VII
Тобиас посмотрел склянку на свет. И ужаснулся. Жидкости оставалось совсем чуть-чуть, с палец. Невыразимый страх впился ему в затылок… Кокаина нет больше!…
А день поднимался: ненавистный день, что погонит его к людям, которые сплошь его враги и которых он безмерно боится. Он ворочался с боку на бок, в тупом отчаянии. Голова от этого страха раскалялась все больше. Жаркая ярость довела его до того, что он сделал себе еще две инъекции. Остаток из склянки выпил. Полость рта была бесчувственной, как бархат: словно ее покрывал ворс.
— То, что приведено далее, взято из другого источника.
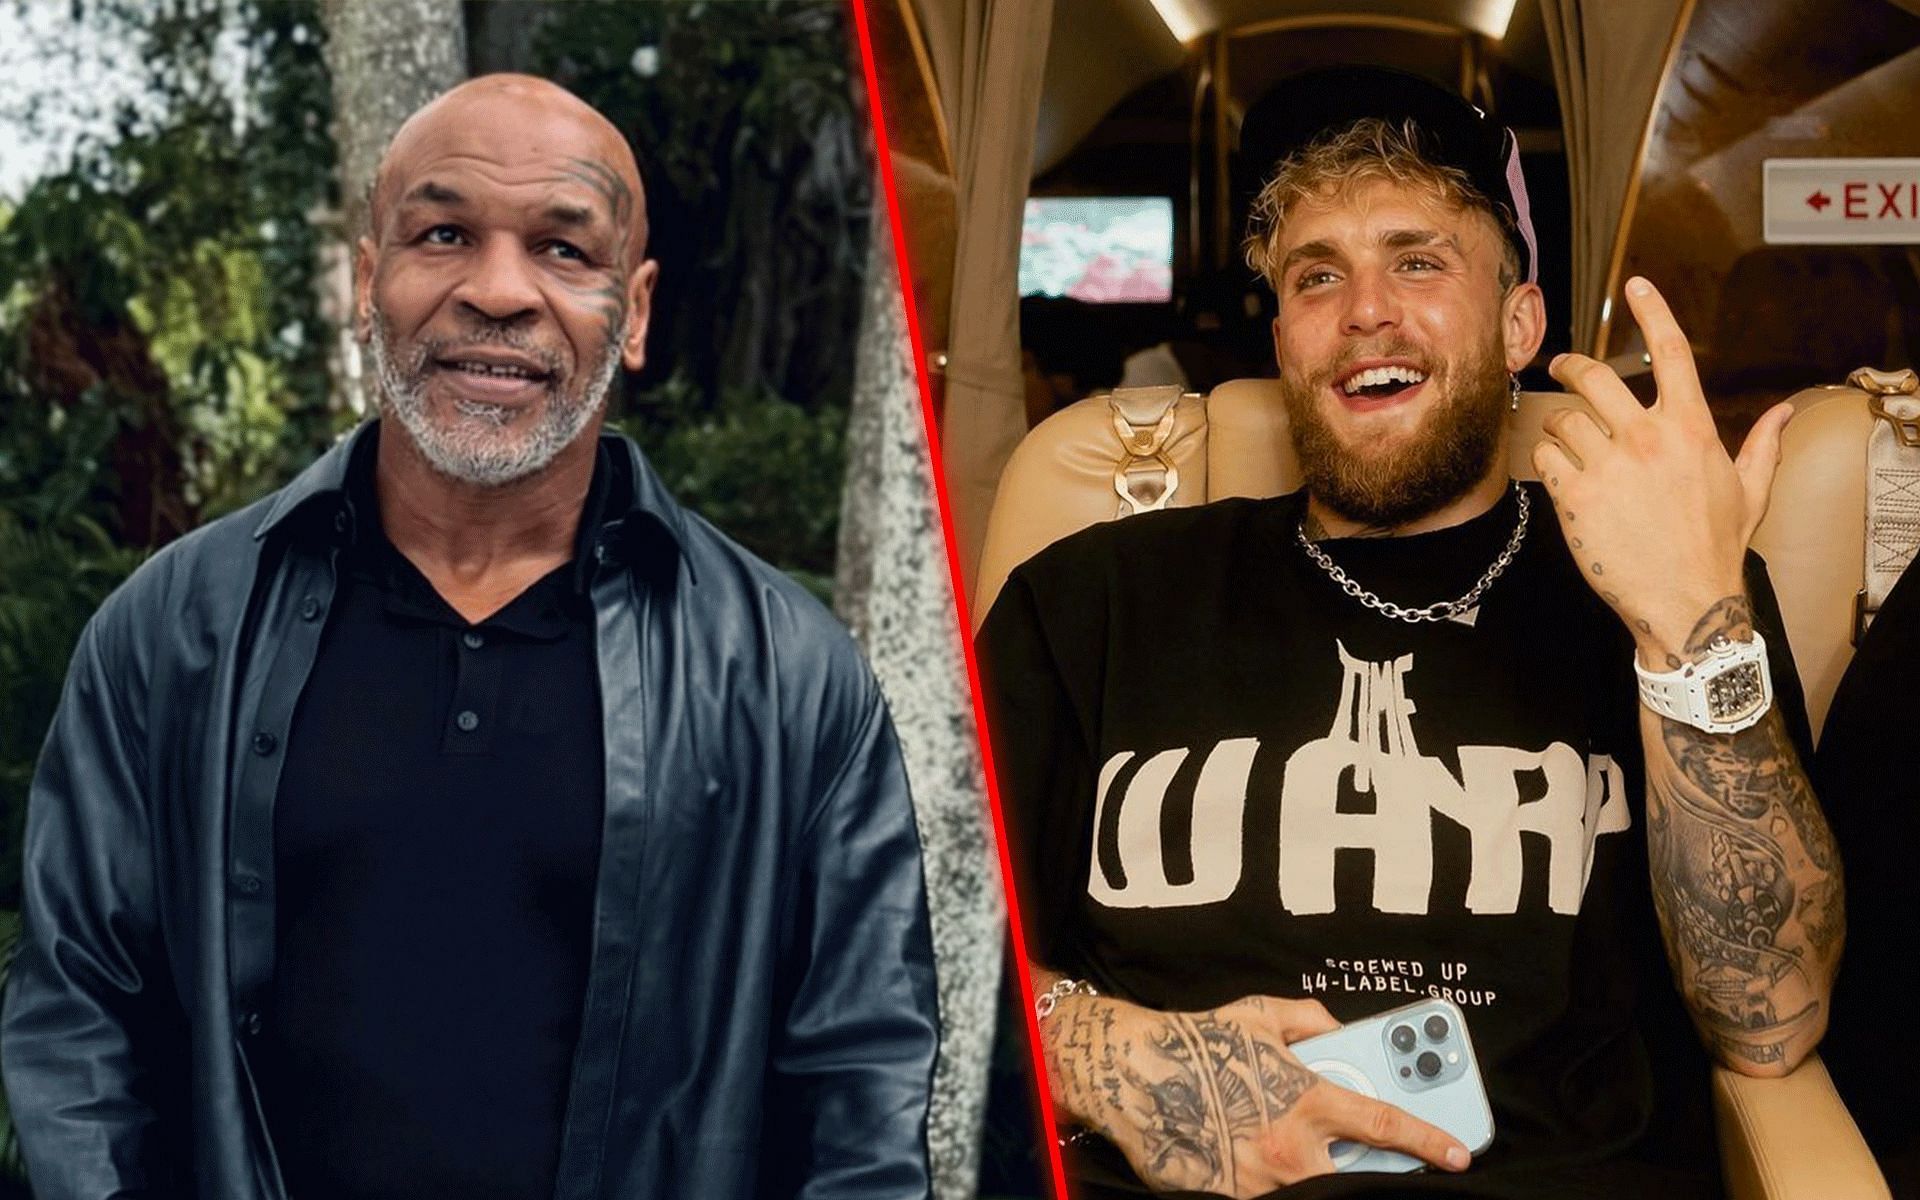 Mike Tyson (left) will return to the professional boxing ring after almost two decades, as he clashes with YouTuber Jake Paul (right) [Images courtesy: @miketyson and @jakepaul on Instagram]

Тобиас засунул в рот палец - глубоко-глубоко, до самой глотки.
Теперь, в самом деле, пришла беда! Что же теперь делать? Что ему время, что ему жизнь - если нет яда, которого требуют тело и душа, которого жаждет все его естество?
Забыт страх перед взломщиками и полицейскими, померкла даже ужасная перспектива психушки! Только одно переполняет его сейчас, одно выжигает изнутри: это непреклонное, неумолимое, необоримое, метафизически-непостижимое влечение - желание раздобыть яд, который означает для него дыхание и жизнь, воздух и питье, бытие и время!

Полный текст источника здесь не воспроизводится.